* **EXERCISE PROMPT**
Give all of the listing again word for word, with images excluded.

* **DATA BLOCK**
++++++++

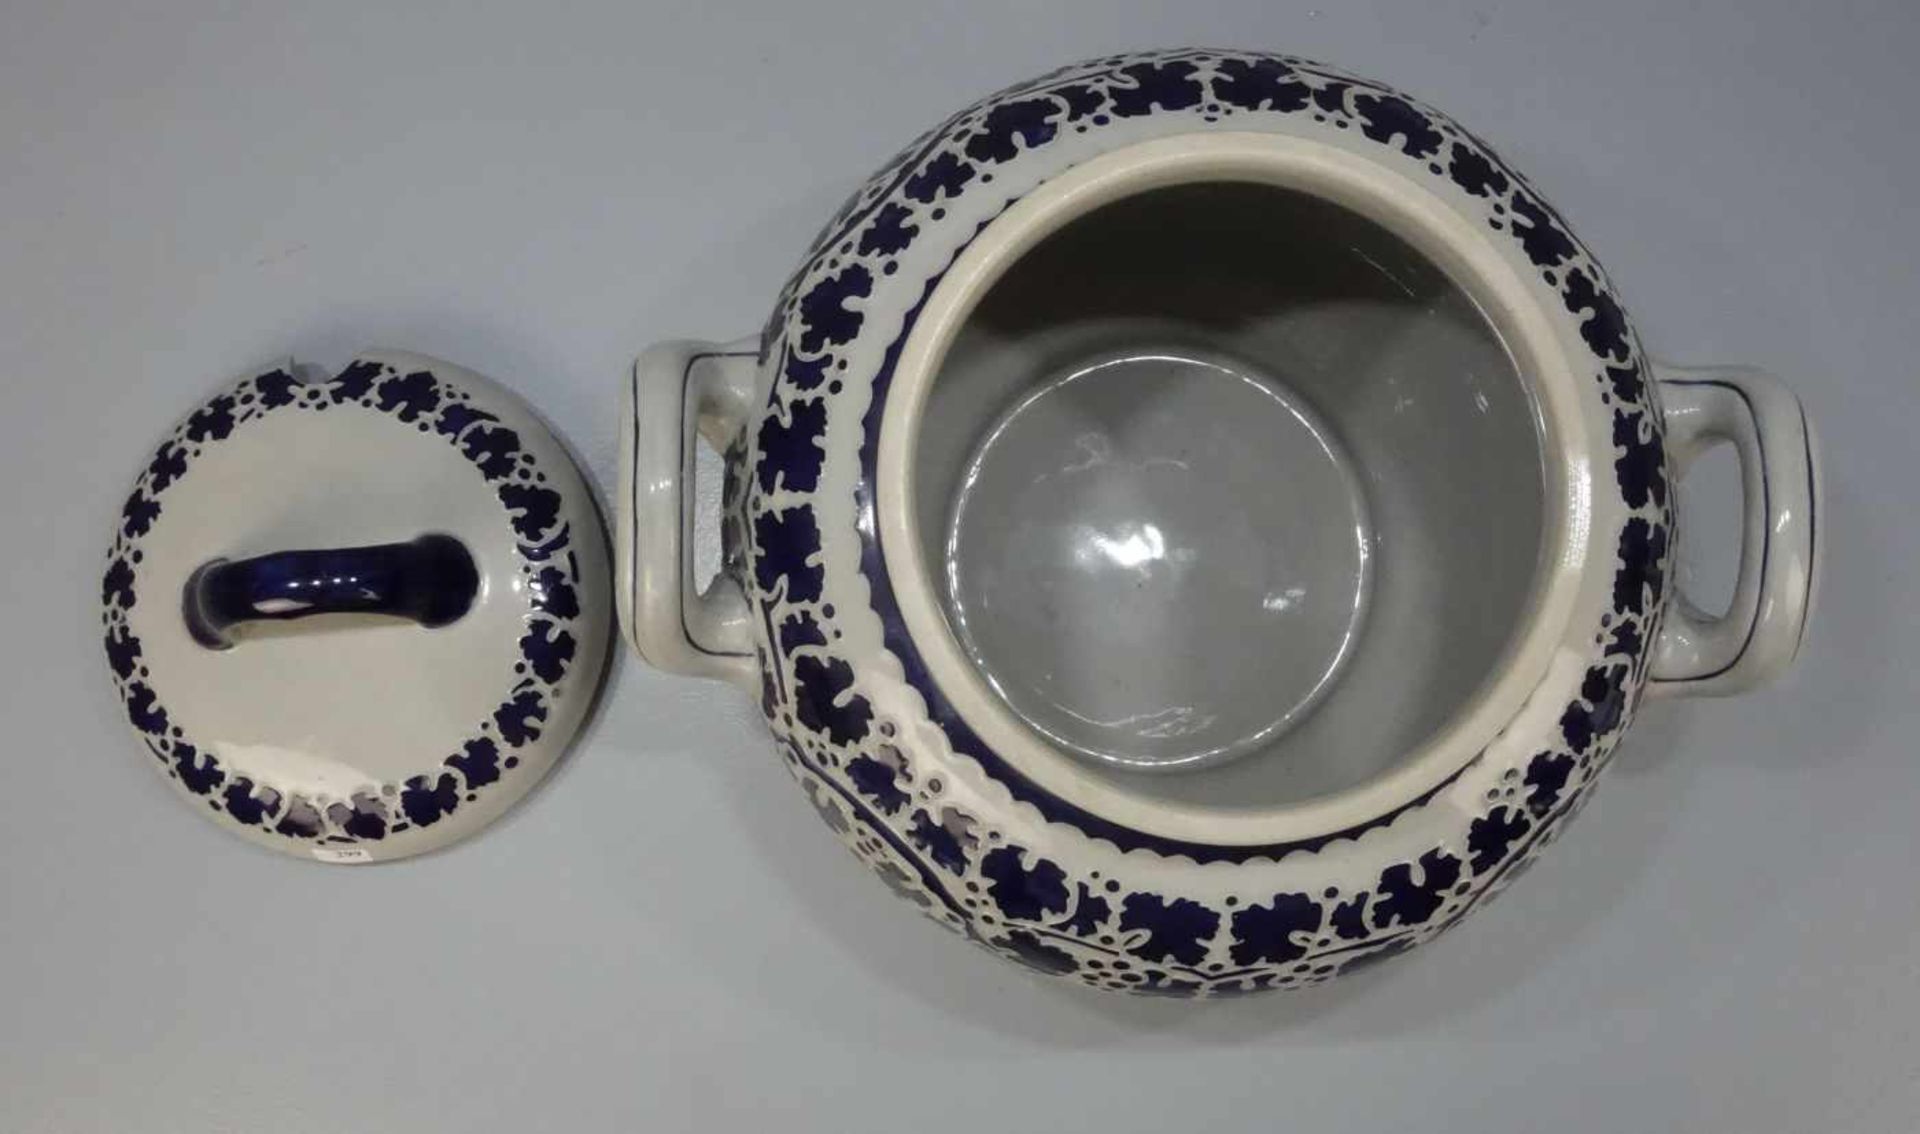 JUGENDSTIL - BOWLE / art nouveau ceramic punch bowl, Keramik, Manufaktur Reinhold Merkelbach, - Image 2 of 3
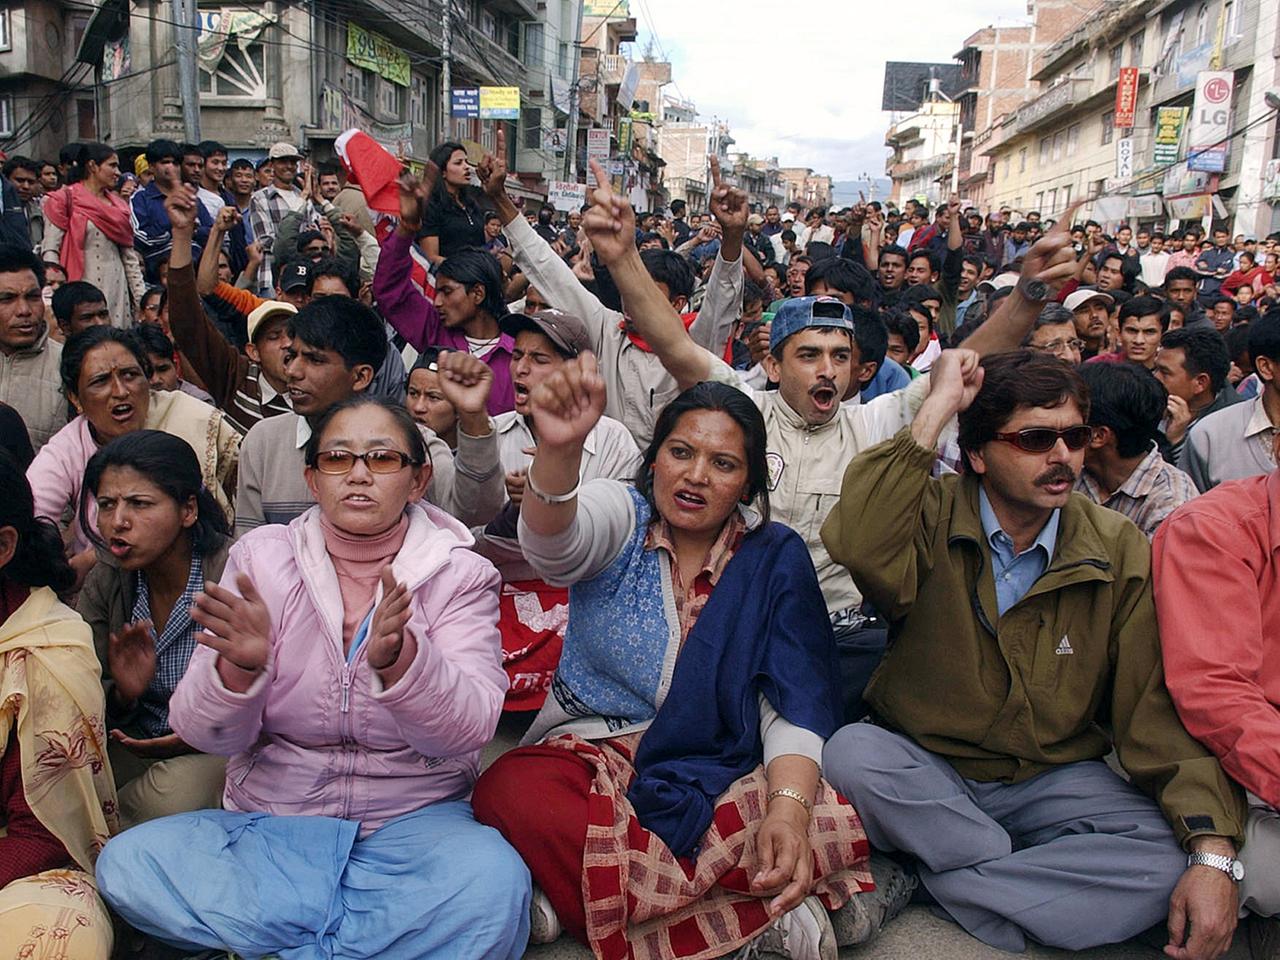 Eine große Menschenmasse sitzt auf einer Straße auf dem Boden, reckt Fäuste in die Luft und ruft Parolen.
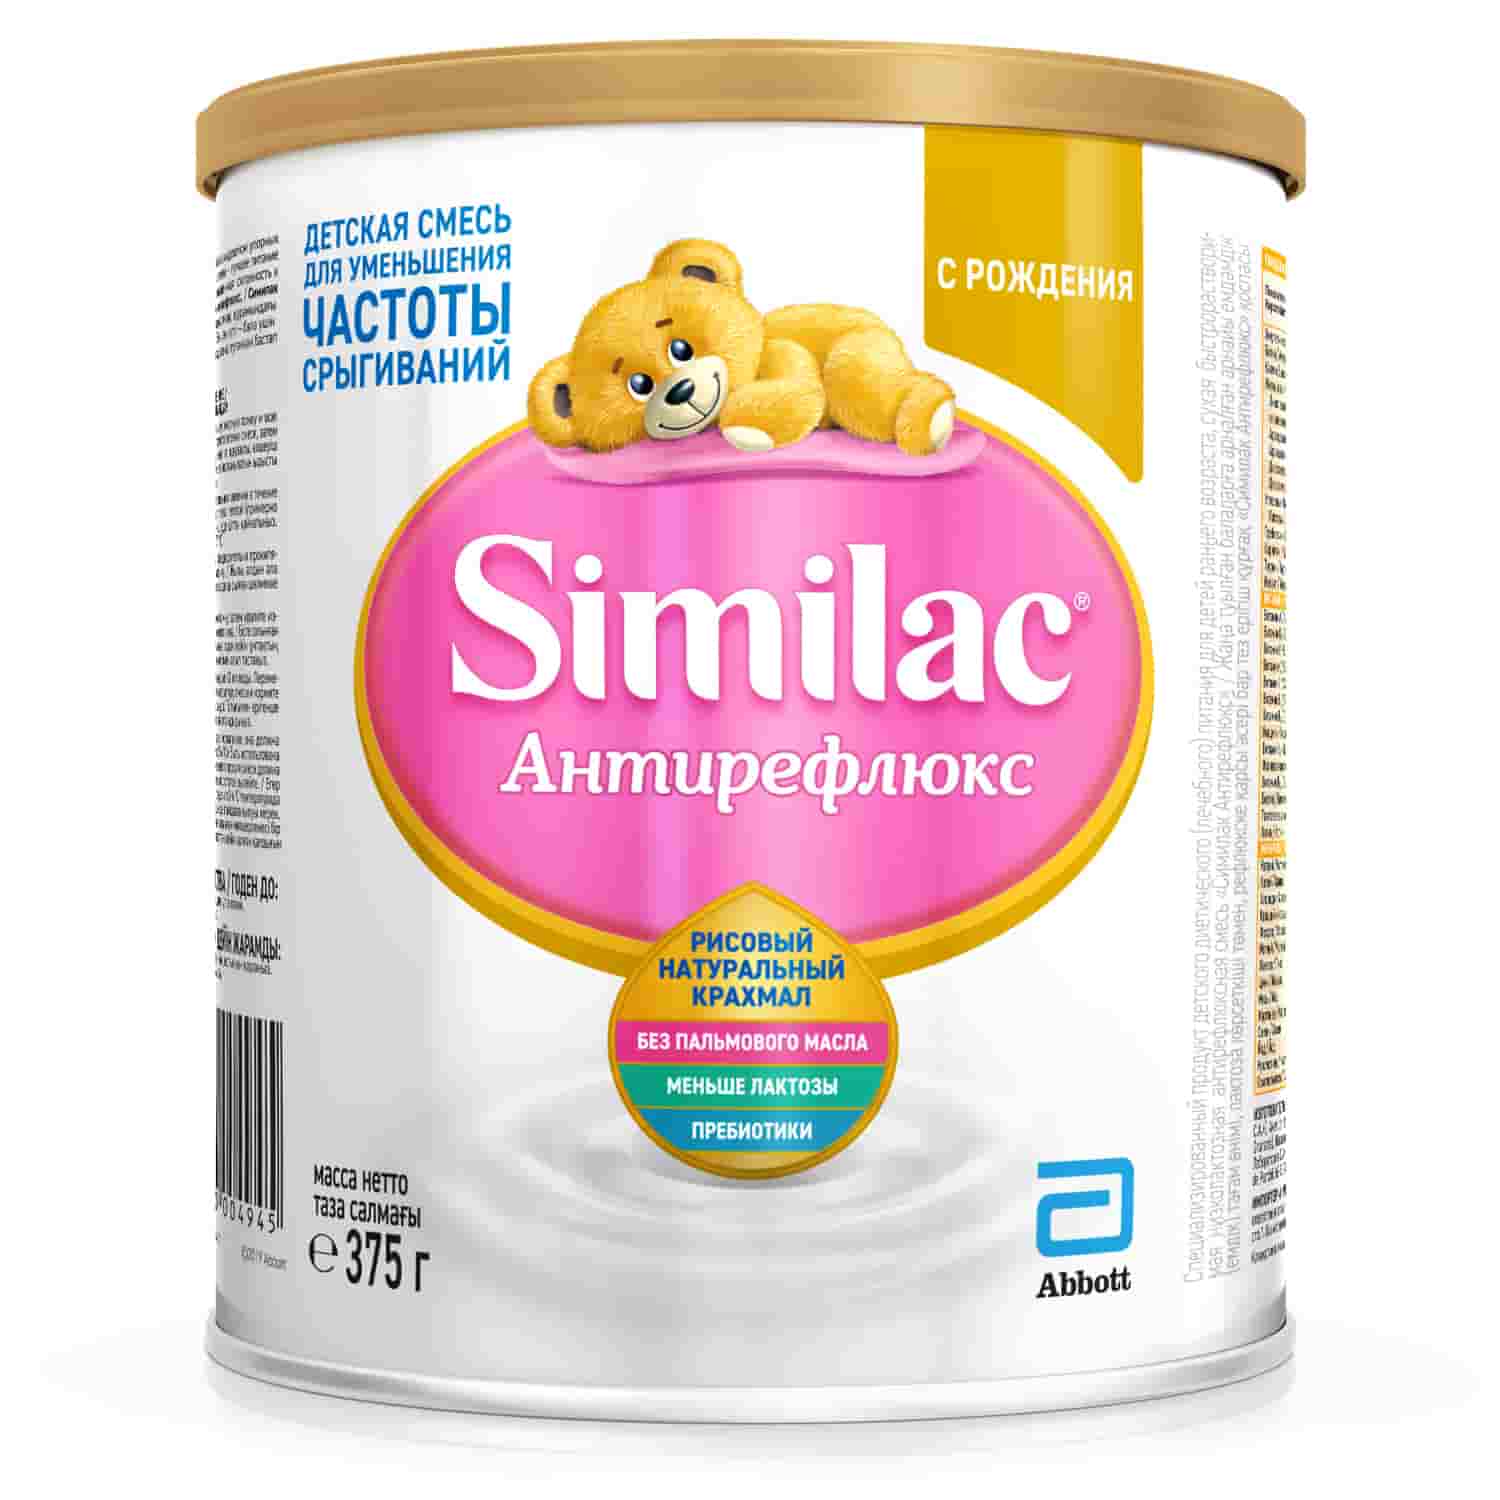 Молочная смесь Симилак антирефлюкс 1 0-6 месяцев, 375 г

++++++++

* **THE ANSWER**
 JUGENDSTIL - BOWLE / art nouveau ceramic punch bowl, Keramik, Manufaktur Reinhold Merkelbach, - Image 2 of 3
 Eine große Menschenmasse sitzt auf einer Straße auf dem Boden, reckt Fäuste in die Luft und ruft Parolen.
 Молочная смесь Симилак антирефлюкс 1 0-6 месяцев, 375 г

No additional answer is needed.